→ **What is required**
Please quote exactly the lines below from the line containing "Aroma, 1260 мл." to the line containing "Sänger Anthony Kiedis", both lines included, and nothing else.

(Records from a dataset)
┄┄┄┄┄┄┄┄┄┄
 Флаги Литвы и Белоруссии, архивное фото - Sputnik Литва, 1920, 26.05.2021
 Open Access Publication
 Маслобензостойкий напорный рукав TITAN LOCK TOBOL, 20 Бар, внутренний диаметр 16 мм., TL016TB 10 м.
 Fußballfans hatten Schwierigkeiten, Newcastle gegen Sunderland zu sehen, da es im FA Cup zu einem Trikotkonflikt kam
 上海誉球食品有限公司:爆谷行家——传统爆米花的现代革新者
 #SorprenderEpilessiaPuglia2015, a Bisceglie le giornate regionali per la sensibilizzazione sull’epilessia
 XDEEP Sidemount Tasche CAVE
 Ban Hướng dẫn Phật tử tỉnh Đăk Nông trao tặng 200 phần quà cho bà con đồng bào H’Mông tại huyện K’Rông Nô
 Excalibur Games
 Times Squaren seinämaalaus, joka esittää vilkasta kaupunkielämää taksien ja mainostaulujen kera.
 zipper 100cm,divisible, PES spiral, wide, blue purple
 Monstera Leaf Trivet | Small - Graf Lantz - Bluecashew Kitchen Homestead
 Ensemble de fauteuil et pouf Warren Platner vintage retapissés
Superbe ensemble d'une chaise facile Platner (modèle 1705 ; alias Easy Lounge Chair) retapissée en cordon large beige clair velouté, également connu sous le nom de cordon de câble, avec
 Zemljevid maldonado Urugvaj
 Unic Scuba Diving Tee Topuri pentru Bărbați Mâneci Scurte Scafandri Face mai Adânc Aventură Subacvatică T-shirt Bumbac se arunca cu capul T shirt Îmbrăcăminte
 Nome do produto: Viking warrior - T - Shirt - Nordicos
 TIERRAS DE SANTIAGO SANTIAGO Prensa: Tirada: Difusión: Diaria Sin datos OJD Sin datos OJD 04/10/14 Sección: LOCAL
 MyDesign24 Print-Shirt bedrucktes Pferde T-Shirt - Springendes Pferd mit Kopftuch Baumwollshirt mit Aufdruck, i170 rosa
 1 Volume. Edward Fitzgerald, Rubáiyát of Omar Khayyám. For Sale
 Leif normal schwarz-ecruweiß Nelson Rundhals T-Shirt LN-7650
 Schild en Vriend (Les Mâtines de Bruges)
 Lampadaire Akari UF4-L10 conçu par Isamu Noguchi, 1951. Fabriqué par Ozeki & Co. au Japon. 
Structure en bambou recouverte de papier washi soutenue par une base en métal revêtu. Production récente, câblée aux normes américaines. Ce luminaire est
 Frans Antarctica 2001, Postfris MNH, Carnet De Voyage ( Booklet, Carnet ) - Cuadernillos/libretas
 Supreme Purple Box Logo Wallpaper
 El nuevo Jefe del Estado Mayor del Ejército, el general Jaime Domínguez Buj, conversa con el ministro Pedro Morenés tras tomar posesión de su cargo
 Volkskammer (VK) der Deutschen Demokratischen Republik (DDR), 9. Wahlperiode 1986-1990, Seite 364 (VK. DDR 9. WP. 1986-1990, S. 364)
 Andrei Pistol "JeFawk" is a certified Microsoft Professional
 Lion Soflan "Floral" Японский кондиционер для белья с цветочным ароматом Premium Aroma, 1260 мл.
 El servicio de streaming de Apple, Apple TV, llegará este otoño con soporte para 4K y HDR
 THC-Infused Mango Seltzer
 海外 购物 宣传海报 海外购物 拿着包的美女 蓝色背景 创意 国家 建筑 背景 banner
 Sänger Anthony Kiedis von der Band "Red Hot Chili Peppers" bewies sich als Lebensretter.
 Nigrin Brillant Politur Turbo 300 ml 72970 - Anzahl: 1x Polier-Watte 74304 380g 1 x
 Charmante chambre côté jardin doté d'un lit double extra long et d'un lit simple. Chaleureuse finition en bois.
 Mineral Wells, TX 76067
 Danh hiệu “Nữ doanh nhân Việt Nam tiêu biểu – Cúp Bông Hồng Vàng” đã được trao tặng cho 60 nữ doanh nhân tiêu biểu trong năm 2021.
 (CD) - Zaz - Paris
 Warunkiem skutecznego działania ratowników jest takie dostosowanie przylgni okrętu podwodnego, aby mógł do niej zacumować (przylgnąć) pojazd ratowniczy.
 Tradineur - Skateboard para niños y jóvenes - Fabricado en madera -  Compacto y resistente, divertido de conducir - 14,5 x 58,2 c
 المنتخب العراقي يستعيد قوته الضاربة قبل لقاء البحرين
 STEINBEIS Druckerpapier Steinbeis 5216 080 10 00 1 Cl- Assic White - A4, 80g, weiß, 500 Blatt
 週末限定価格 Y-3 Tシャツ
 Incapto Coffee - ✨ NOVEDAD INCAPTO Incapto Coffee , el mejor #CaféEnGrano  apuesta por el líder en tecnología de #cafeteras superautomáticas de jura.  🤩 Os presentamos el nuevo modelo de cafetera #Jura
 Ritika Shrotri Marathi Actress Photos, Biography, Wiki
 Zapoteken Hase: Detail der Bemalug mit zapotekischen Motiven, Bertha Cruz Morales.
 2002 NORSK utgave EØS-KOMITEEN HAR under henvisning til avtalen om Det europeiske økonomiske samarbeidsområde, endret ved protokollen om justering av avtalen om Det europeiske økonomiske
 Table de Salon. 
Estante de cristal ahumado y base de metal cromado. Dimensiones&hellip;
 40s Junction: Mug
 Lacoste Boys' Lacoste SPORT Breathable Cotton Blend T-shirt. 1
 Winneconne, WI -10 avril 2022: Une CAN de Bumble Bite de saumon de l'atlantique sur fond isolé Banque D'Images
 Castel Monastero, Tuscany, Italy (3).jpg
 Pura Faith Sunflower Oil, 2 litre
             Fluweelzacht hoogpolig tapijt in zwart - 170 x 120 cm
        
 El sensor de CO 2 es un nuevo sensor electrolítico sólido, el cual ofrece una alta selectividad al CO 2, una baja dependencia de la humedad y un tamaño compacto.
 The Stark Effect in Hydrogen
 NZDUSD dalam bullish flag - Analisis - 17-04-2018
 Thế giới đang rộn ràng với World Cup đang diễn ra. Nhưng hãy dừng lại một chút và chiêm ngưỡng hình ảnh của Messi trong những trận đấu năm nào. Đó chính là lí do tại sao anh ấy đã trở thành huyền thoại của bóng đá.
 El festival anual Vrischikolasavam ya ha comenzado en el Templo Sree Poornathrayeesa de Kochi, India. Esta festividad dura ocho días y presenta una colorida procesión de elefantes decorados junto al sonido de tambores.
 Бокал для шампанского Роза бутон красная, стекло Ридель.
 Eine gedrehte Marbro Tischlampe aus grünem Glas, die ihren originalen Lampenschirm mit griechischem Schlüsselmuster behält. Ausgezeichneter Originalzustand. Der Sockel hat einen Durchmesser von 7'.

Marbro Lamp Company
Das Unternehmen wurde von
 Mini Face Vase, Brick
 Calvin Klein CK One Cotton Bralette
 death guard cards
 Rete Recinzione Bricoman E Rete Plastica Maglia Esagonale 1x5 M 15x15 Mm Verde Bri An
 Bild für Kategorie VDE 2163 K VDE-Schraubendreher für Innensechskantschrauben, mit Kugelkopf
┄┄┄┄┄┄┄┄┄┄
→ **Written solution**
 Lion Soflan "Floral" Японский кондиционер для белья с цветочным ароматом Premium Aroma, 1260 мл.
 El servicio de streaming de Apple, Apple TV, llegará este otoño con soporte para 4K y HDR
 THC-Infused Mango Seltzer
 海外 购物 宣传海报 海外购物 拿着包的美女 蓝色背景 创意 国家 建筑 背景 banner
 Sänger Anthony Kiedis von der Band "Red Hot Chili Peppers" bewies sich als Lebensretter.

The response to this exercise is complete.